From this collection, it is possible to conservatively bound the sign of all registers at every program point.

For a given statement $s$ and a given variable $v$, you could find every abstract state at $s$, and then look up $v$ in its environment to find its possible signs.

Even a toy analysis like this not necessarily useless in practice.

In a language like Java, the compiler must insert checks at every array indexing operation for both under- and over-flow.

Simple sign analysis can frequently eliminate all under-flow checks.

What's next?

As one adds features to a language, it ramps up the complexity of the interpreter.

The complexity of an analyzer rises in tandem.

Research in static analysis focuses on combatting and exploiting that rise.
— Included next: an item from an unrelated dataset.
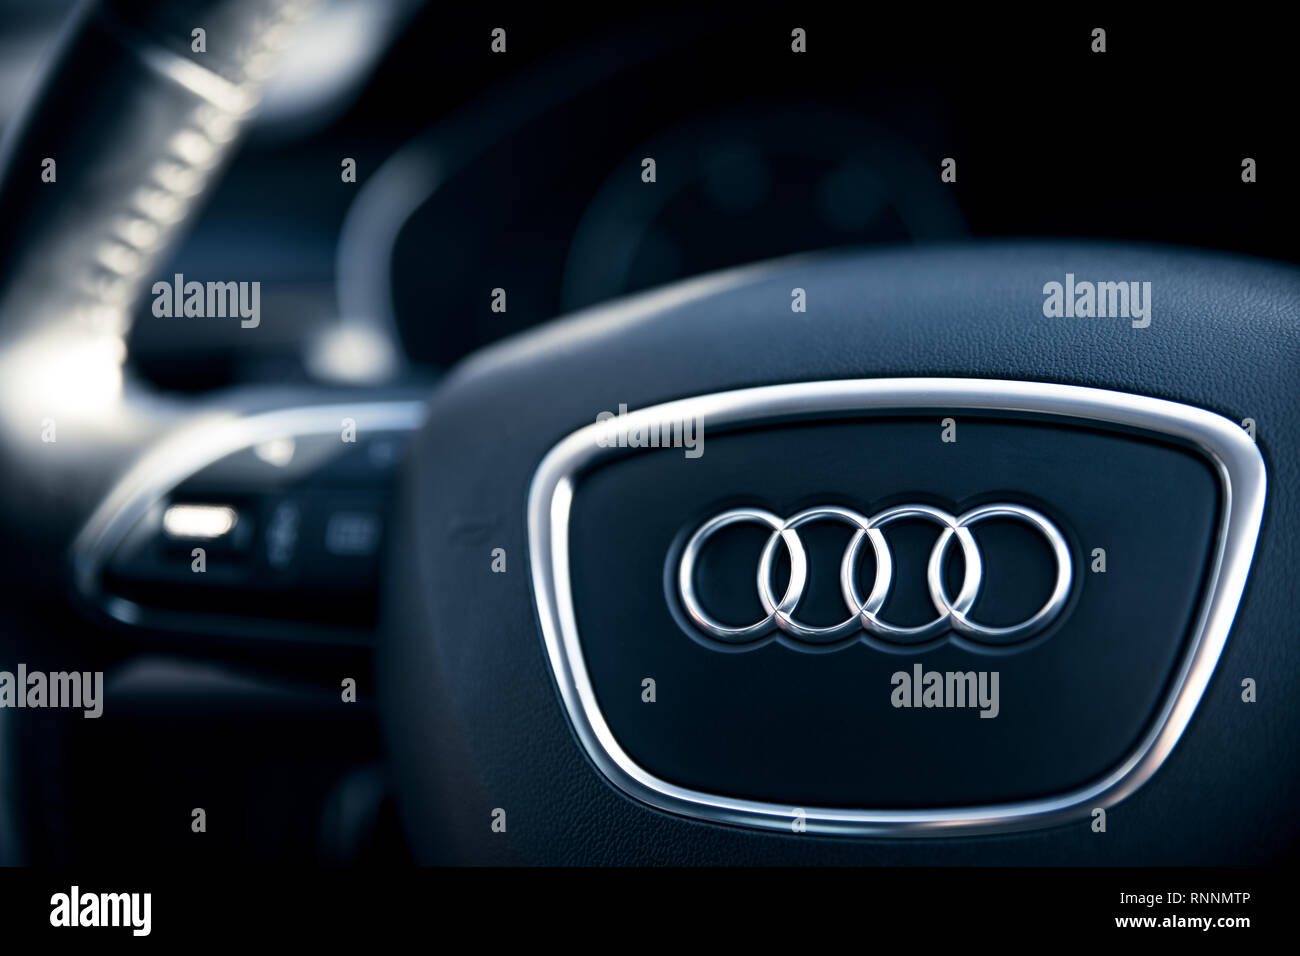 Intérieur d'une Audi A6 voiture avec bord et volant, voiture moderne détails de l'intérieur. 15 Février, 2019 St Neots, UK. Banque D'Images

As a field of study, static analysis aims to analyze richer languages in less time with higher precision while recovering deeper kinds of facts.

Code

Code for all of the above is available in Racket.

Exercises

The abstract expression evaluator could be more precise. It naively returns the set $\{0,+\}$ for any comparison. But, there could be enough information to compute an "exact" outcome -- $\{0\}$ or $\{+\}$. Improve the exp-aeval procedure to compute the exact answer when enough information is available from the sign abstraction over integers.
The abstract step function could be more precise. There may be enough information in the abstraction of the conditional value to branch in only one direction, instead of both. Improve the astep function to branch in only one direction whenever possible for a conditional jump.
There is a further way to improve the precision of the abstract step function. Even when there is not enough information to branch in only one direction, it may be possible to modify the environment on either branch to reflect the information picked up from the conditional. For instance, if the conditional is (= x 0), then on the false branch, the environment should not report 0 as a possible value of x.
There is further room to improve the precision of the abstract expression evaluator. Consider an expression like (* x x). This expression can only yield a positive value. Or, if x is strictly positive, then (+ x -1) cannot be negative. Incorporate these rules and one other into the abstract expression evaluator.